The whole listing should come back exactly as written, except for the pictures.

▶ _COLLECTED MATERIAL_
-.-.-
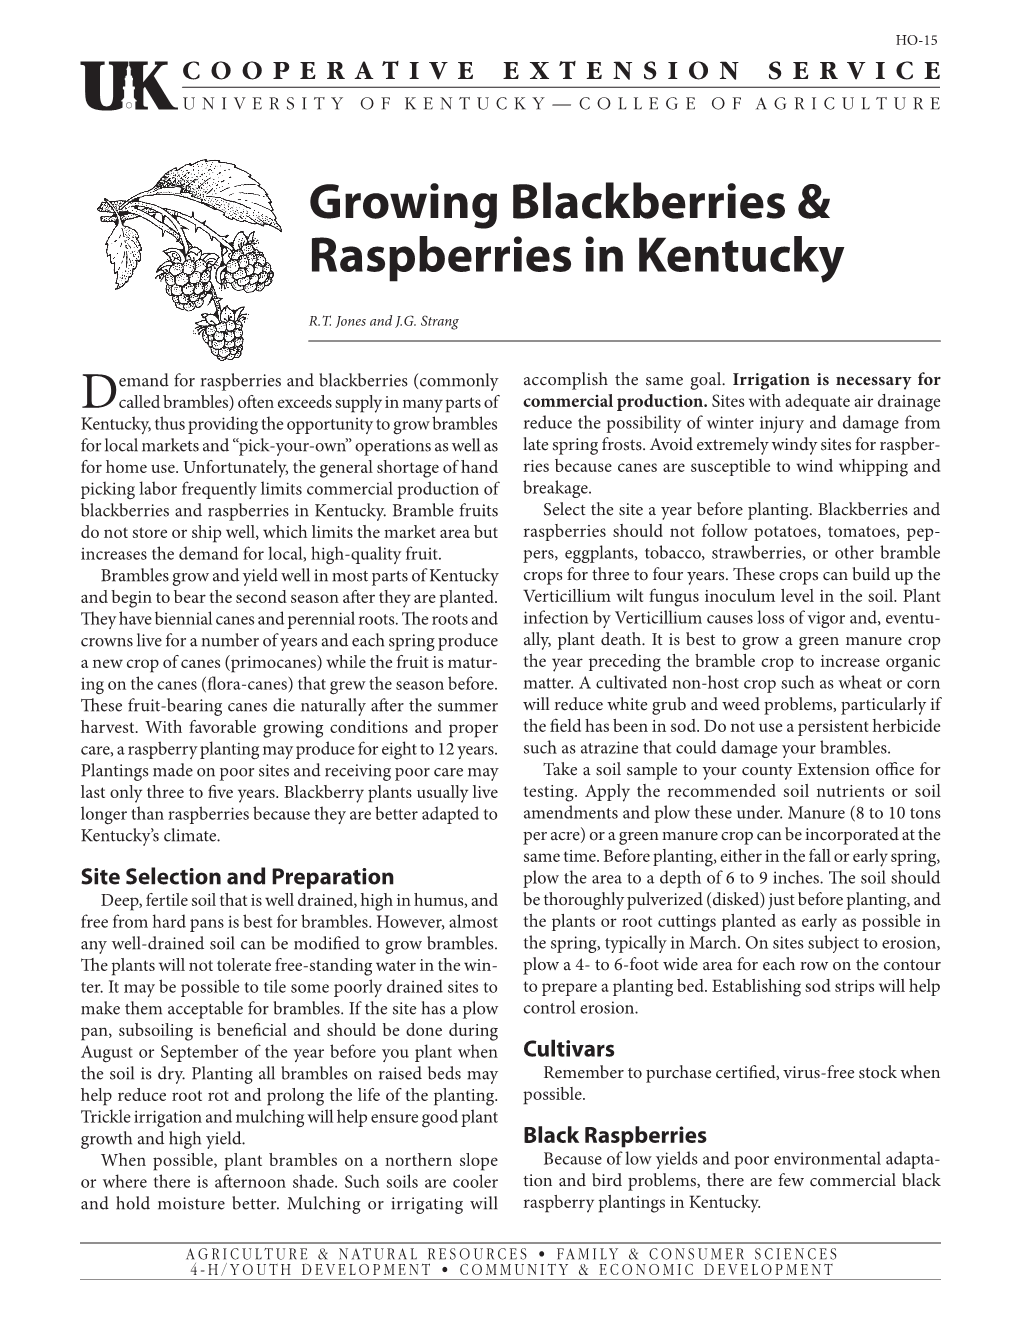 HO-15: Growing Blackberries & Raspberries in Kentucky
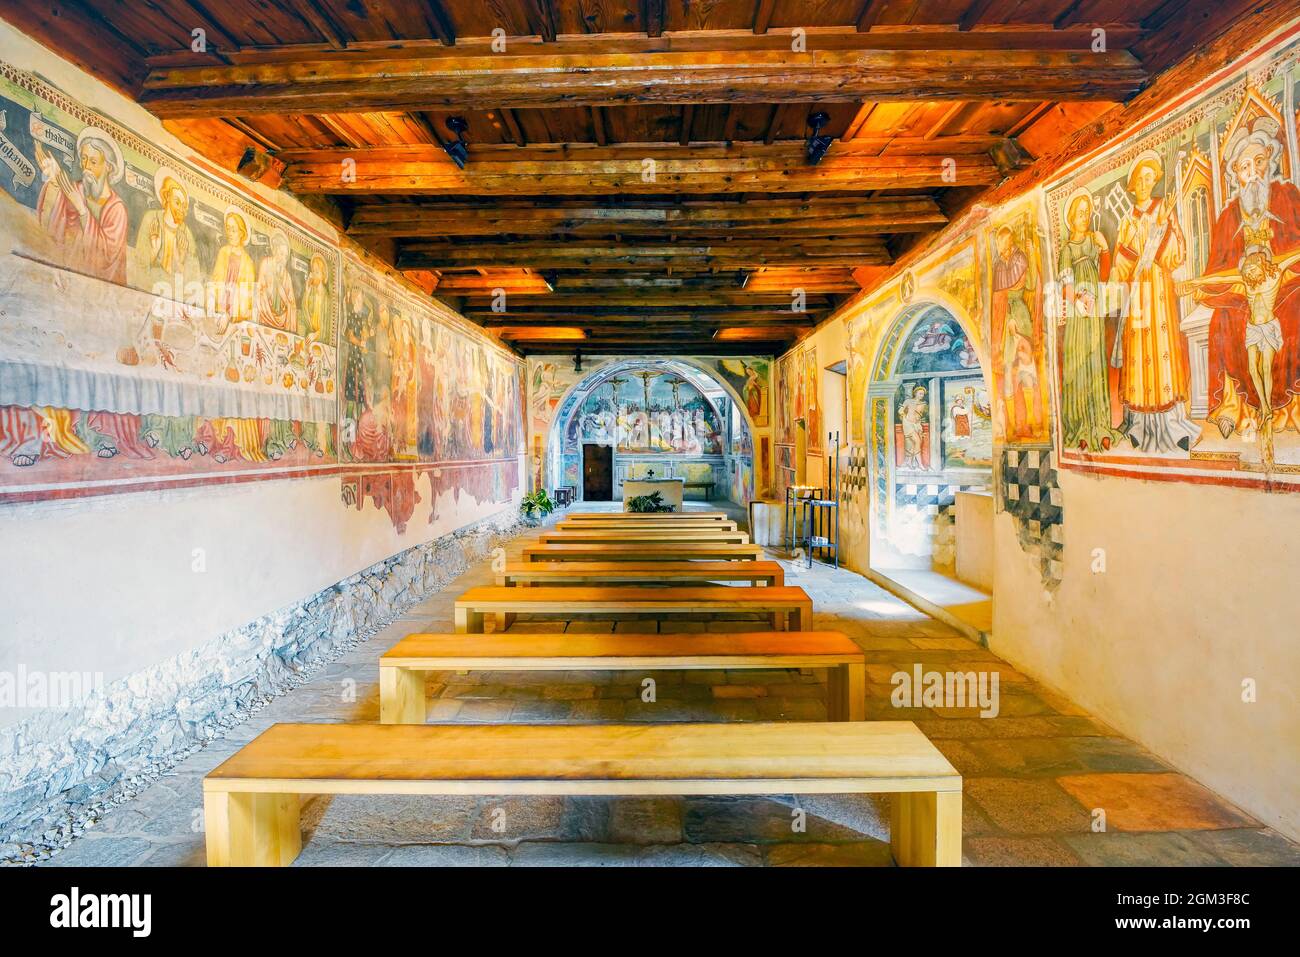 Das Innere der romanischen Kirche San Bernardo, die Wandmalereien stammen aus dem XV. Bis Anfang des XVII. Jahrhunderts. Monte Carasso, Schweiz. Stockfoto
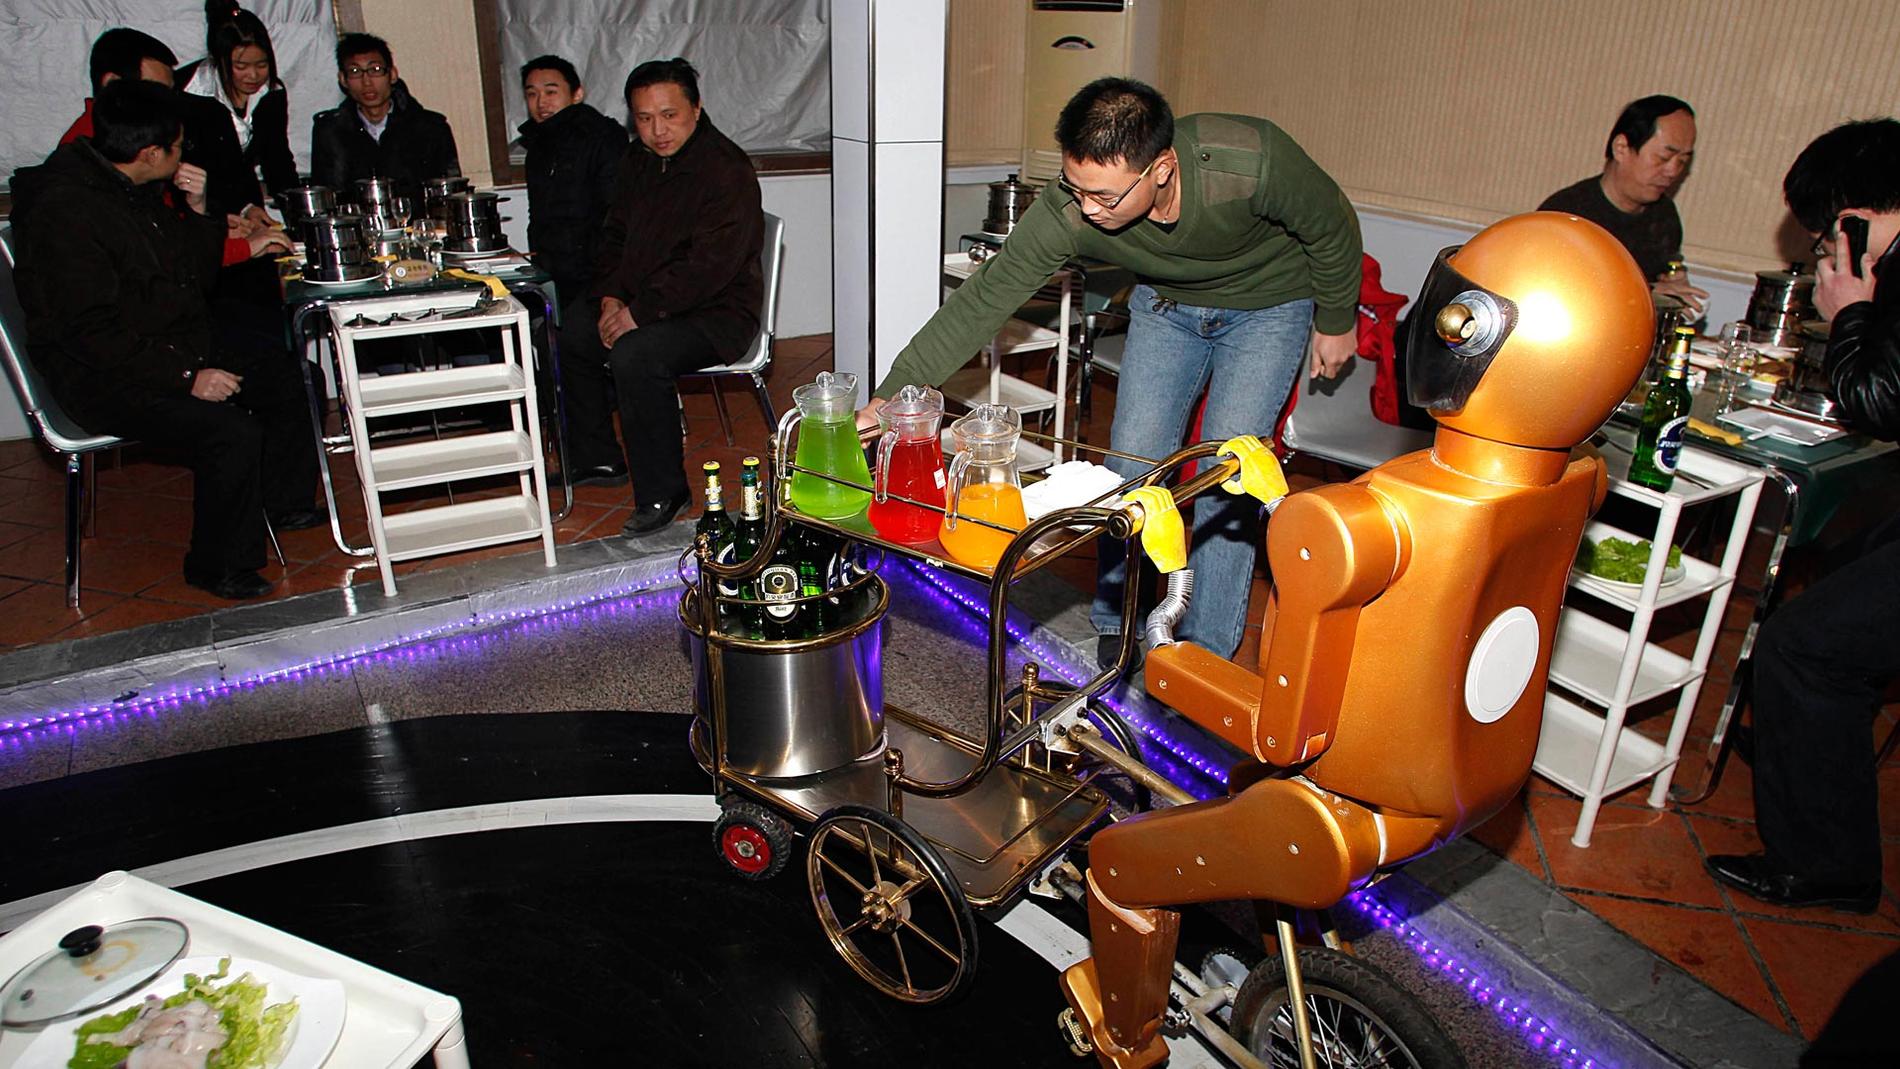 Dalu Robot restaurant I kinesiska staden Jinan ligger denna udda krog, där robotar sköter serveringen. Bättre än människor, sägs det – och du slipper ge dricks. Läs artikel om robot-restaurangen
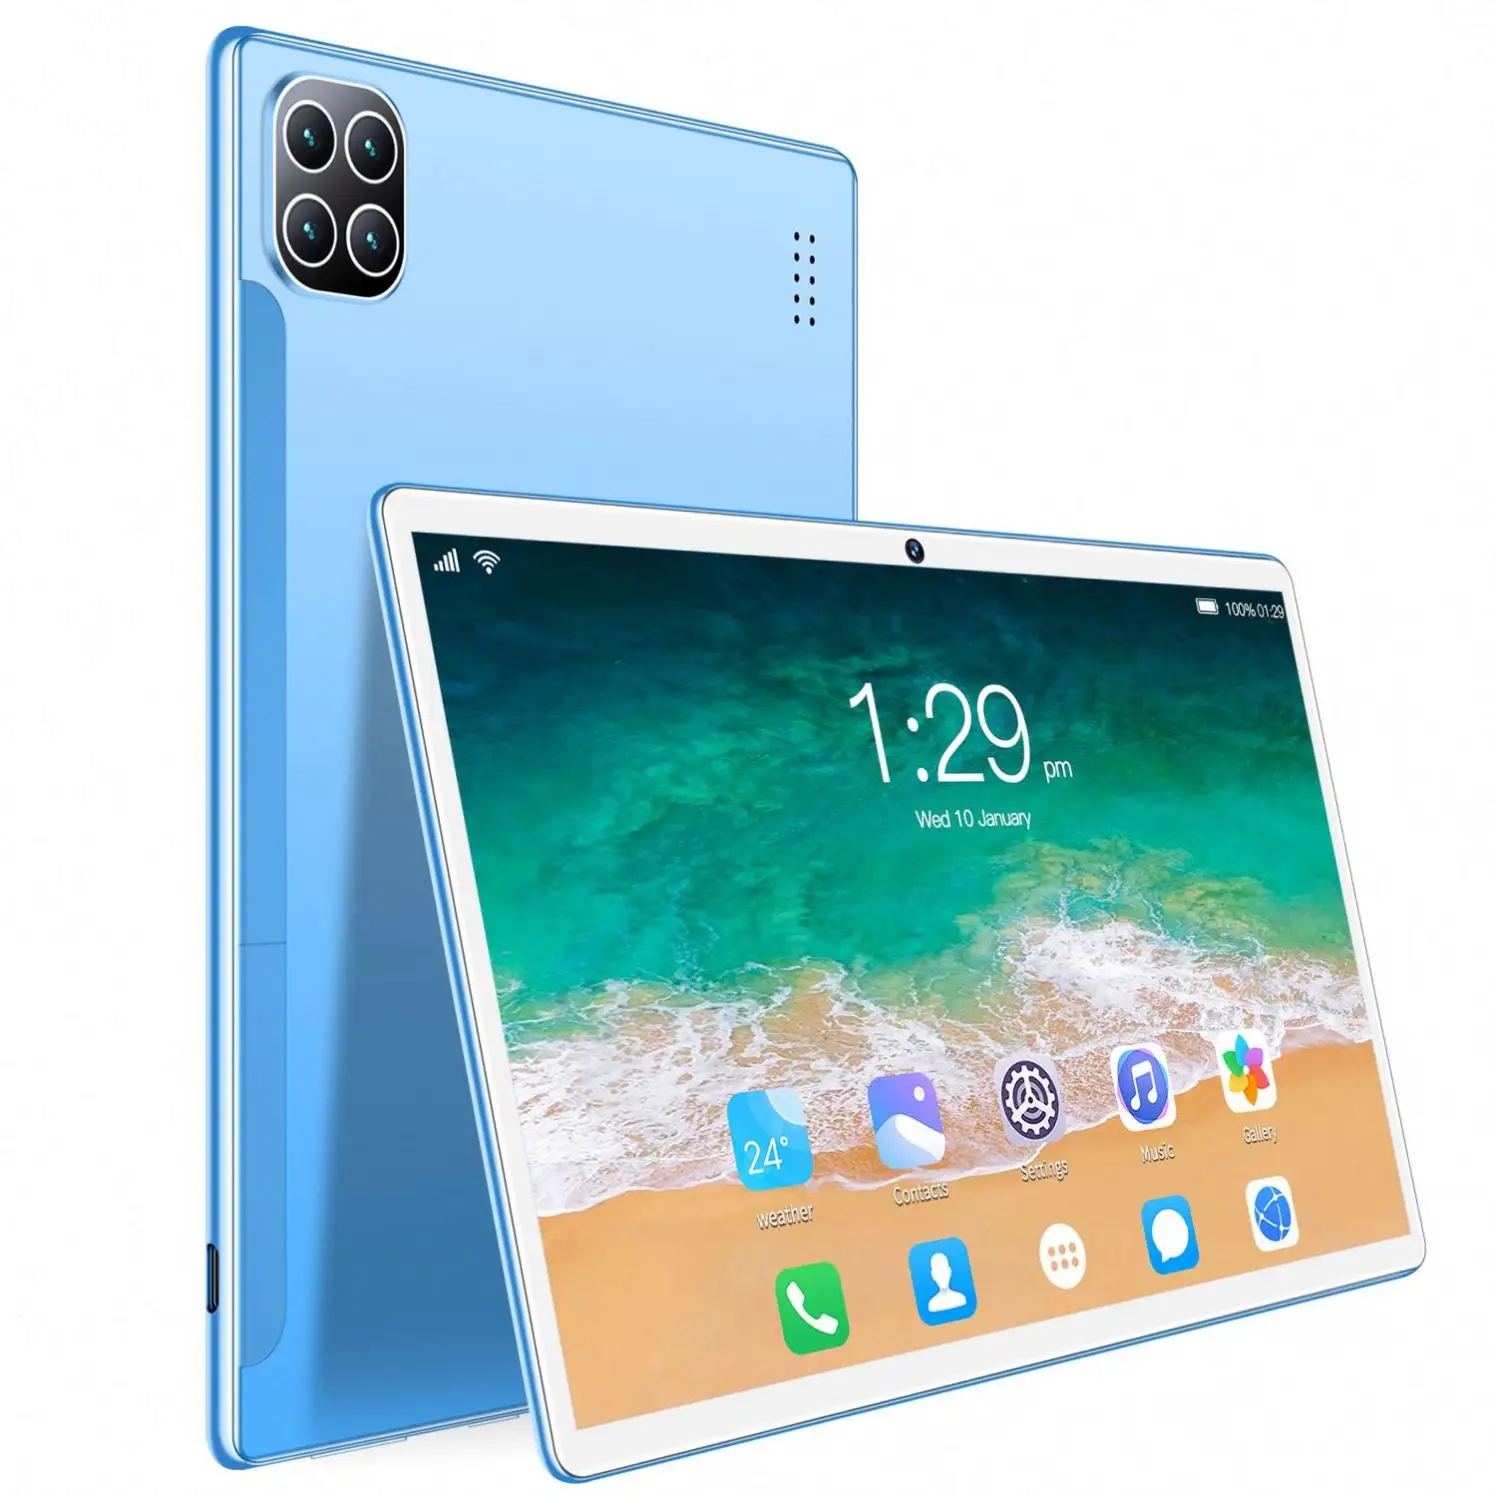 8.0 pouces 2GB + 32GB octa core 4G tablettes Android10.0 tablette écran IPS WiFi BT GPS Multi Touch G capteur au meilleur prix
-.-.-
▶ _ANSWER TO THIS EXERCISE_
 HO-15: Growing Blackberries & Raspberries in Kentucky
 Das Innere der romanischen Kirche San Bernardo, die Wandmalereien stammen aus dem XV. Bis Anfang des XVII. Jahrhunderts. Monte Carasso, Schweiz. Stockfoto
 Dalu Robot restaurant I kinesiska staden Jinan ligger denna udda krog, där robotar sköter serveringen. Bättre än människor, sägs det – och du slipper ge dricks. Läs artikel om robot-restaurangen
 8.0 pouces 2GB + 32GB octa core 4G tablettes Android10.0 tablette écran IPS WiFi BT GPS Multi Touch G capteur au meilleur prix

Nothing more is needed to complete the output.